In 2016, the TM5 was rated 4 out of 5 stars in C|Net and had a positive review on Wired.

In 2018, iFixit published a teardown of the Thermomix TM5. Without giving a repairability score, they praised the modular conception and criticized the poor accessibility of some connections.

== Safety ==

There have been numerous accounts of a Thermomix machine "exploding" and scalding people with hot liquids. In October 2014, the model was recalled over claims that hot liquid or food may splash out of the mixing bowl. The Australian consumer organisation Choice called for an Australian Competition & Consumer Commission (ACCC) investigation. In June 2017, the ACCC started court proceedings against the Australian Thermomix distributor, alleging that it breached Australian Consumer Law, failed to comply with mandatory reporting requirements for injuries, asked consumers to sign non-disclosure agreements, and made false and misleading statements about its 2014 recall.

Choice told the Australian Broadcasting Corporation (ABC) that it was aware of 87 cases where Thermomix consumers had been burned. The ABC understood that 18 of those required several weeks of treatment in hospital burns units.

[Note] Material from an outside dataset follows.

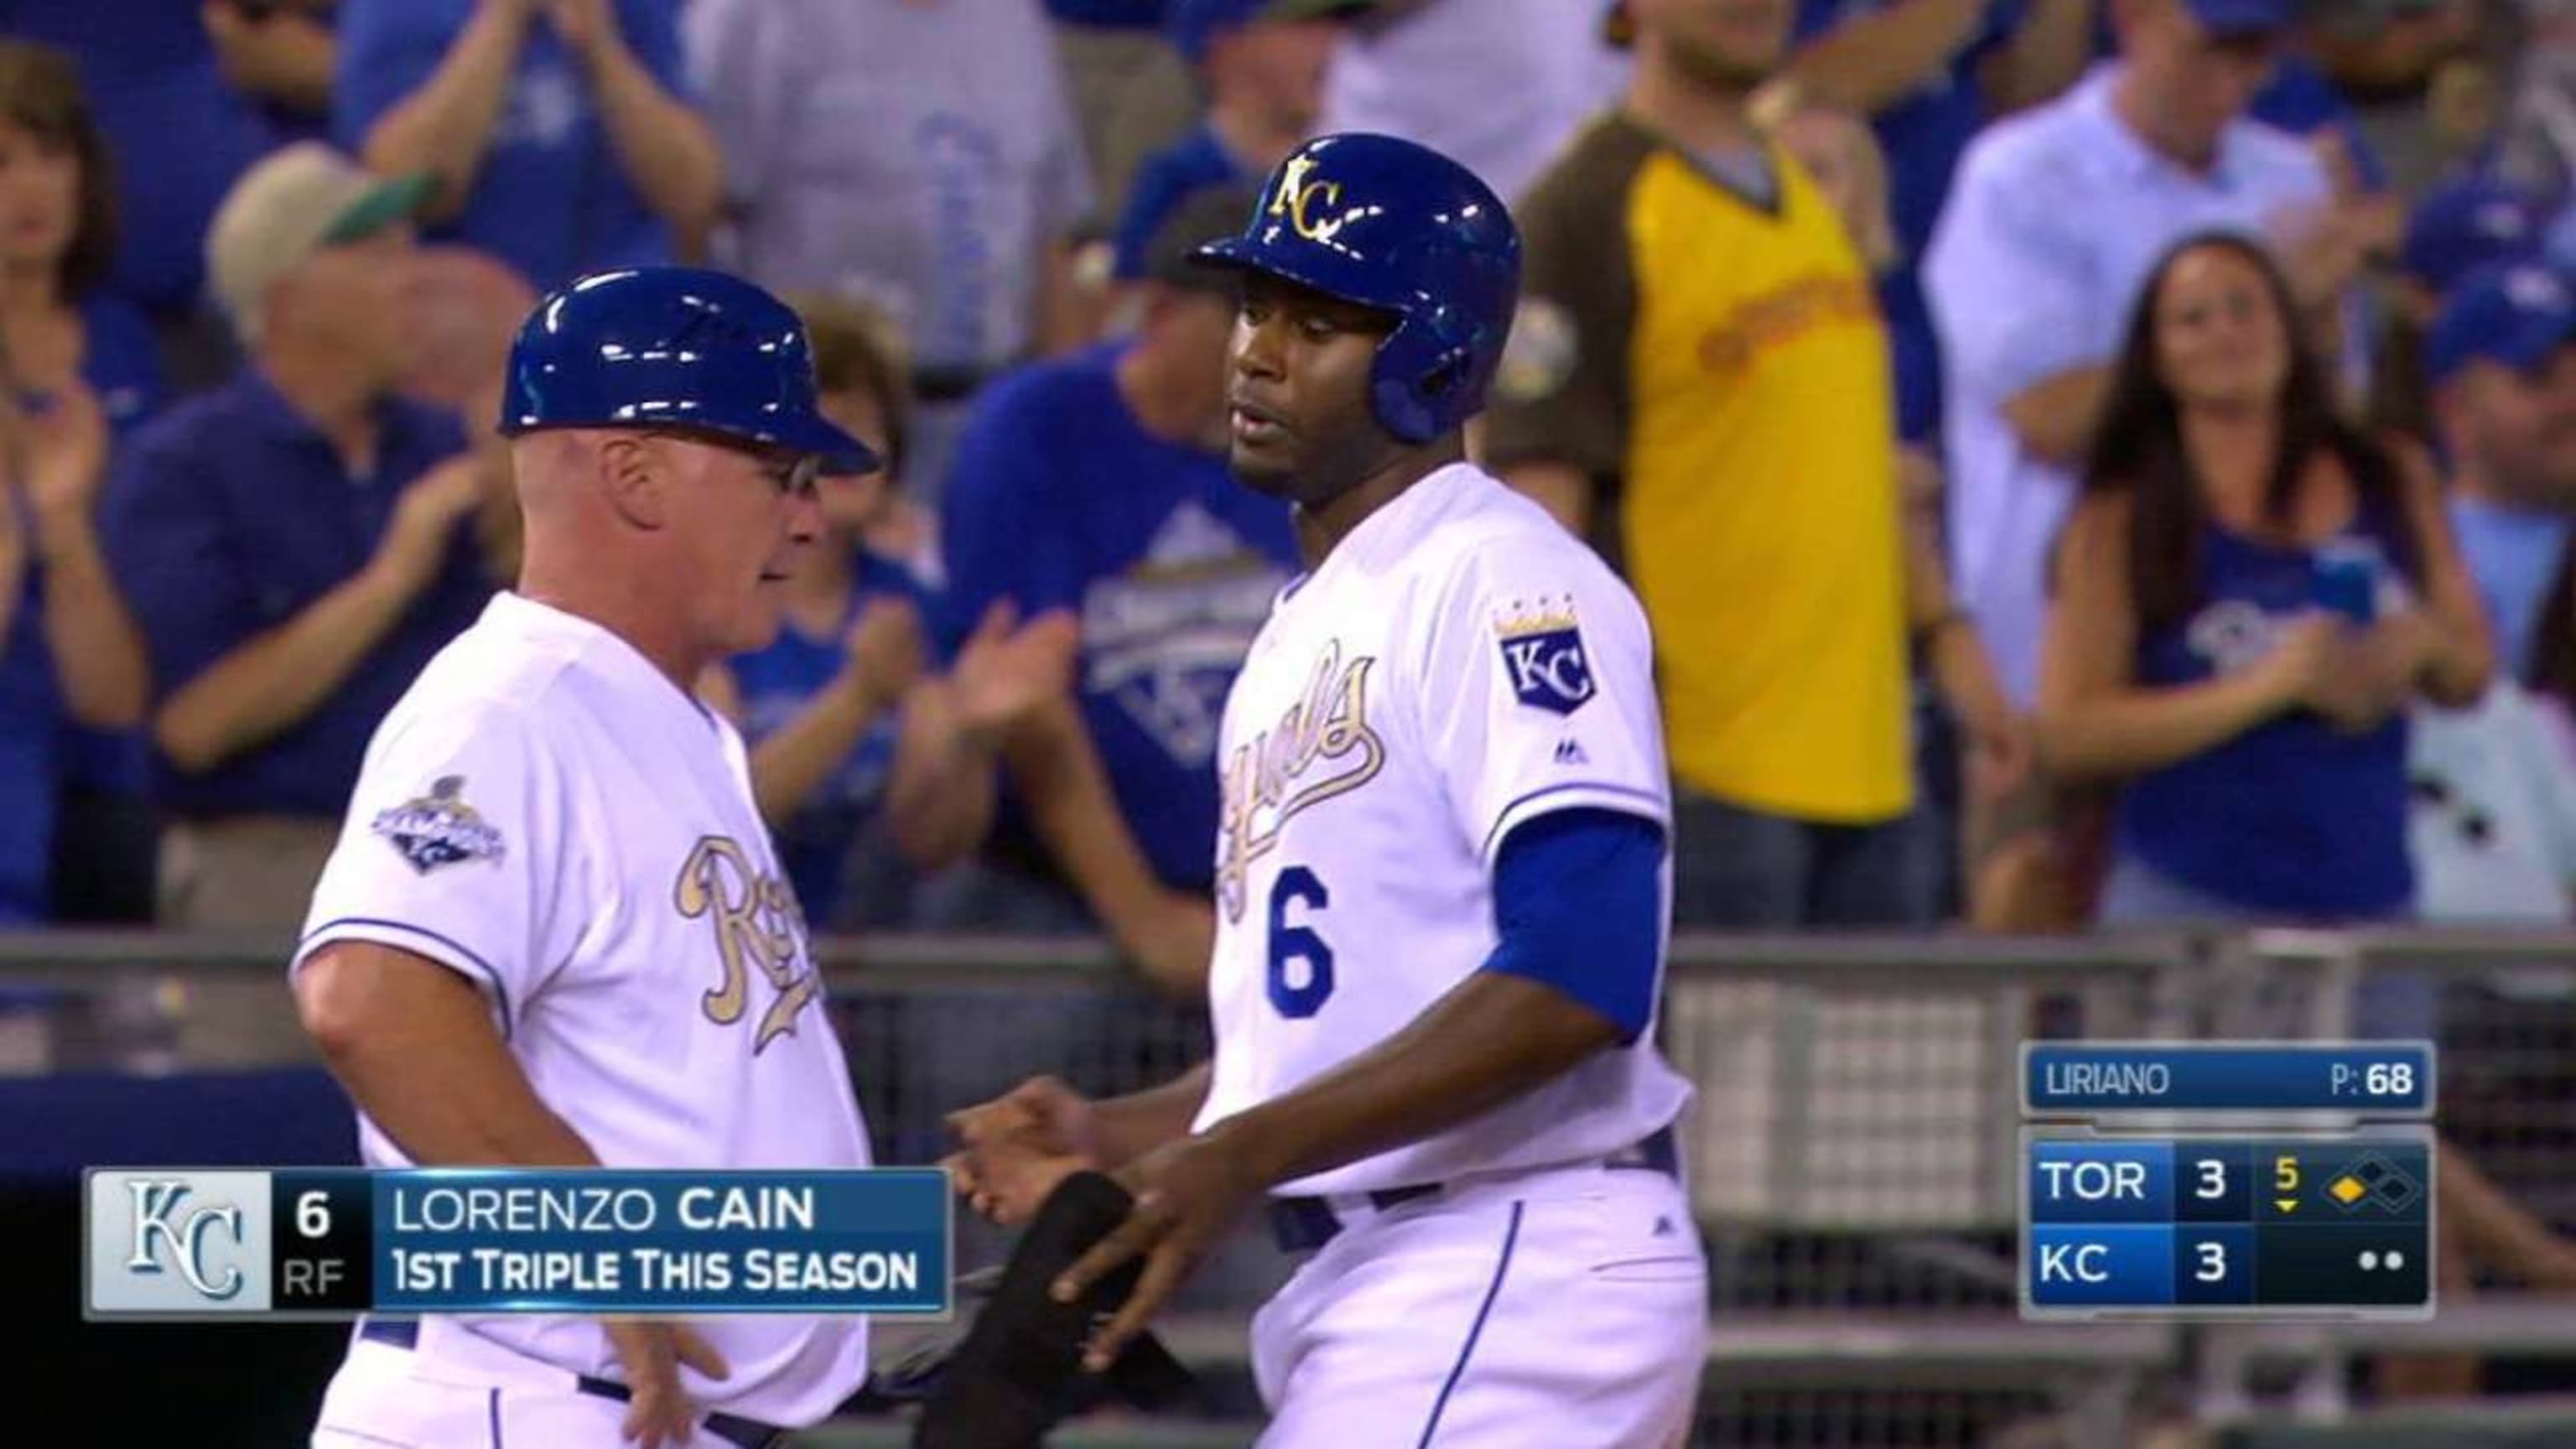 A late bloomer, Royals outfielder Lorenzo Cain making up for lost time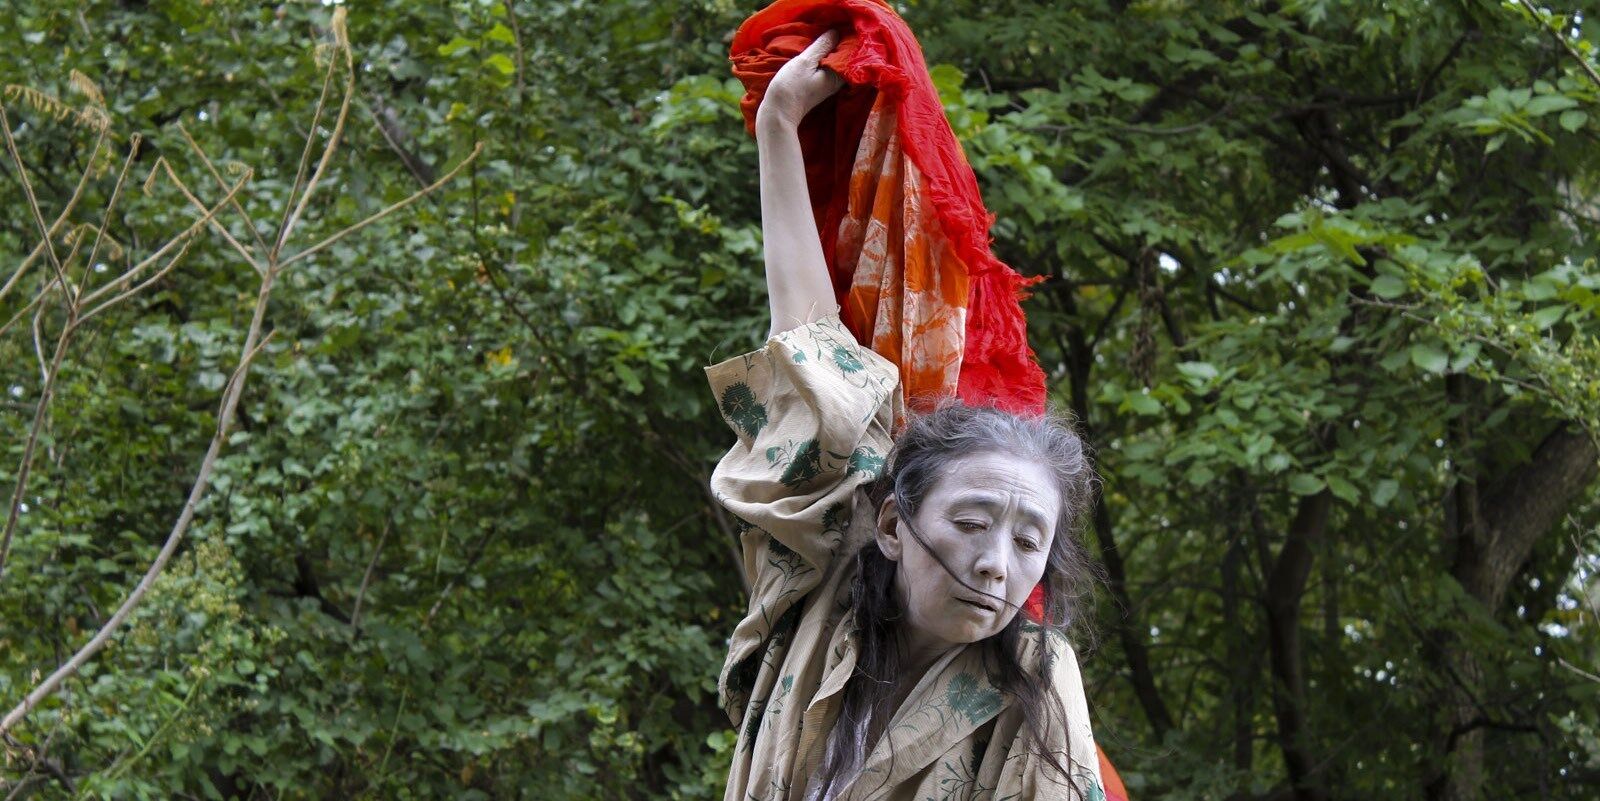 woman with red cloth dances in front of trees

In April 2018, Thermomix in Australia was handed a $4.6 million fine because they had violated consumer law by failing to report dangerous defects.

In 2014, Thermomix TM31 (12423100 to 14323199) was recalled in Australia. The ACCC issued recall notice 2014/14361 in October 2014. The sealing ring was identified as a point of possible failure in circumstances where the machine was operated at high speed and then switched to the lid open position. Vorwerk shipped all affected owners a replacement sealing ring in November 2014.